Cien hombres, oyó decir el rey, tenía el abad en su casa cada día; y cincuenta cadenas de oro, sin duda alguna, en trajes de terciopelo rodeaban al abad.

—¿Qué pasa ahora, padre abad? Oigo decir de ti que mantienes una casa mucho mejor que la mía, y por tu hospitalidad y gran renombre, temo que tramas traición contra mi corona.

—Mi señor —dijo el abad—, quisiera que se supiera que nunca gasto nada que no sea mío; y confío en que vuestra gracia no me hará daño por gastar lo que he ganado honestamente.

—Sí, sí, padre abad, tu falta es grave, y ahora por ello debes morir; porque a menos que puedas responderme tres preguntas, tu cabeza será separada de tu cuerpo.

—Y primero —dijo el rey—, cuando estoy en este lugar, con mi corona de oro tan hermosa en la cabeza, entre todos mis súbditos tan nobles de nacimiento, debes decirme, hasta el último penique, cuánto valgo.

—En segundo lugar, dime, sin ninguna duda, cuán pronto puedo cabalgar alrededor de todo el mundo. Y en la tercera pregunta no debes titubear, sino decirme aquí con verdad lo que estoy pensando.

—Oh, esas son preguntas difíciles para mi escaso ingenio, ni puedo responder aún a vuestra gracia; pero si me dais solo tres semanas de plazo, haré mi mayor esfuerzo por responder a vuestra gracia.

—Ahora te daré tres semanas de plazo, y ese es el tiempo máximo que tienes para vivir; porque si no respondes mis tres preguntas, tus tierras y tus bienes serán confiscados para mí.

El abad se alejó cabalgando, triste por esas palabras, y fue a Cambridge y a Oxford; pero no hubo doctor tan sabio que con su saber pudiera idear una respuesta.

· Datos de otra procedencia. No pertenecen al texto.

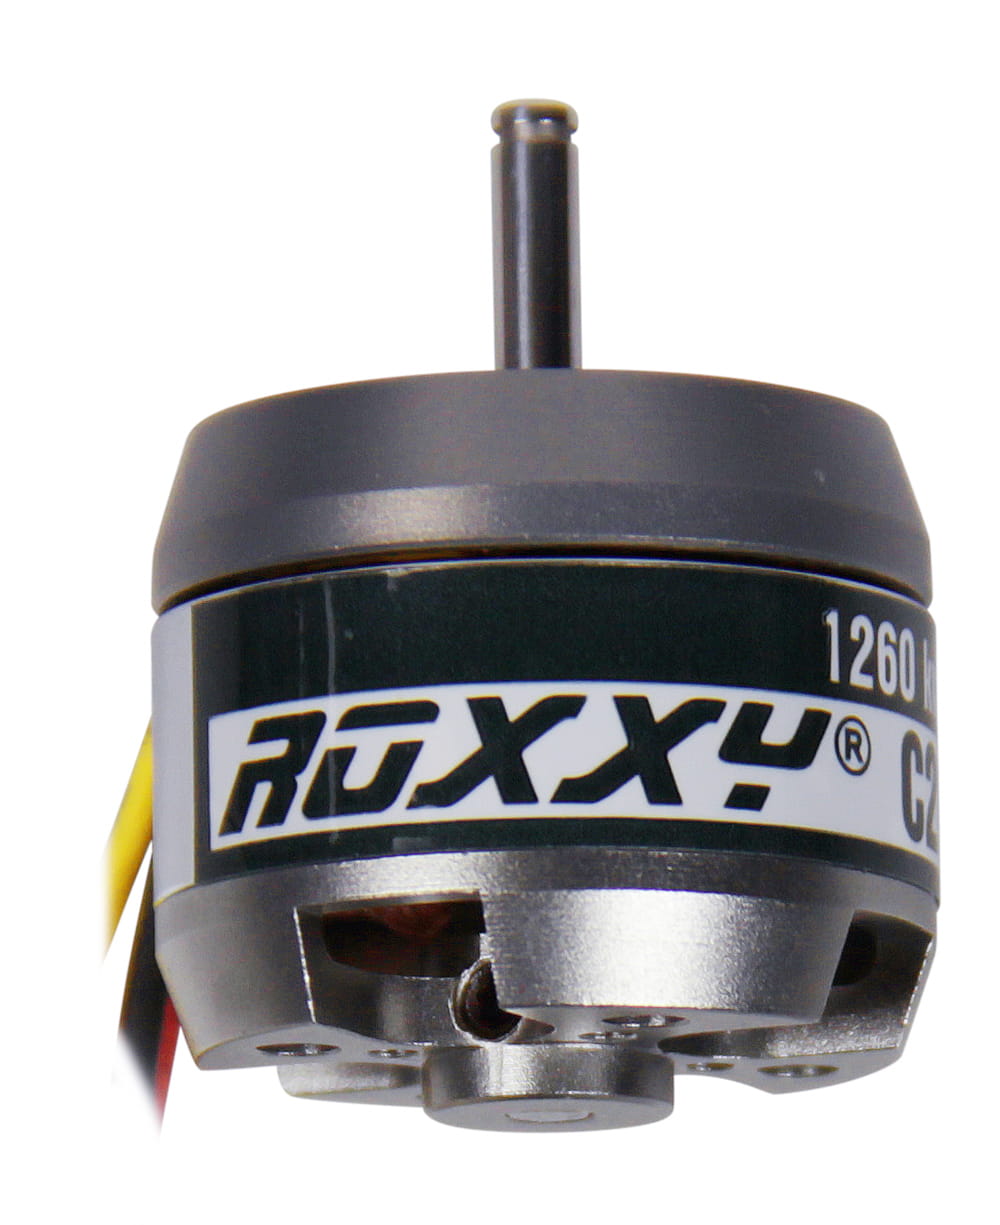 Multiplex ROXXY Brushless Motor BL Outrunner C28-26-1260kV

Luego el abad regresó a casa, con el ánimo tan frío, y se encontró con su pastor que iba al redil: —¿Qué tal, mi señor abad? Bienvenido a casa; ¿qué noticias nos traes del buen rey Juan?

—Tristes noticias, tristes noticias, pastor, debo darte; que solo me quedan tres días de vida: porque si no le respondo tres preguntas, mi cabeza será separada de mi cuerpo.

—La primera es decirle allí, en ese lugar, con su corona de oro tan hermosa en la cabeza, entre todos sus súbditos tan nobles de nacimiento, hasta el último penique cuánto vale.

—La segunda, decirle sin ninguna duda, cuán pronto puede cabalgar alrededor de todo el mundo; y en la tercera pregunta no debo titubear, sino decirle allí con verdad lo que él está pensando.

—Ahora anímese, señor abad, ¿acaso no ha oído que un tonto puede enseñar sabiduría a un hombre sabio? Présteme un caballo, sirvientes y su vestimenta, y cabalgaré a Londres para responder por usted.

—No frunza el ceño, si me lo han dicho, soy tan parecido a su señoría como pueda ser; y si me presta su túnica, nadie nos reconocerá en la noble ciudad de Londres.

—Ahora tendrás caballos y sirvientes, con atuendo suntuoso, gallardo y elegante; con báculo, mitra, roquete y capa, digno de presentarse ante nuestro padre el papa.

—Bienvenido seas, señor abad —dijo el rey—, es bueno que hayas regresado para cumplir tu cita; porque si puedes responder mis tres preguntas, tu vida y tus bienes ambos serán salvados.

—Y primero, cuando me veas aquí en este lugar, con mi corona de oro tan hermosa en la cabeza, entre todos mis súbditos tan nobles de nacimiento, dime hasta el último penique cuánto valgo.

—Por treinta peniques fue vendido nuestro Salvador entre los falsos judíos, según me han contado; y veintinueve es tu valor, pues creo que eres un penique menos valioso que Él.

El rey se rió y juró por San Bittel: —¡No pensé que valiera tan poco! —Ahora, en segundo lugar, dime, sin ninguna duda, cuán pronto puedo cabalgar alrededor de todo el mundo.

—Debes levantarte con el sol y cabalgar con él, hasta que a la mañana siguiente vuelva a salir; y entonces, vuestra gracia no debe dudar, pues en veinticuatro horas lo habrás recorrido.

El rey se rió y juró por San Juan: —¡No pensé que pudiera hacerse tan pronto! —Ahora, en la tercera pregunta no debes titubear, sino decirme aquí con verdad lo que estoy pensando.

—Sí, eso haré y alegraré a vuestra gracia: pensáis que soy el abad de Canterbury; pero soy su humilde pastor, como podéis ver claramente, que vengo a pedir perdón por él y por mí.

El rey se rió y juró por la misa: —¡Te haré abad en su lugar este mismo día! —Ahora no, mi señor, no tengáis tanta prisa, pues, ay, no sé ni escribir ni leer.

—Cuatro nobles a la semana te daré, por esta broma alegre que me has mostrado; y dile al viejo abad, cuando regreses a casa, que le has traído un perdón del buen rey Juan.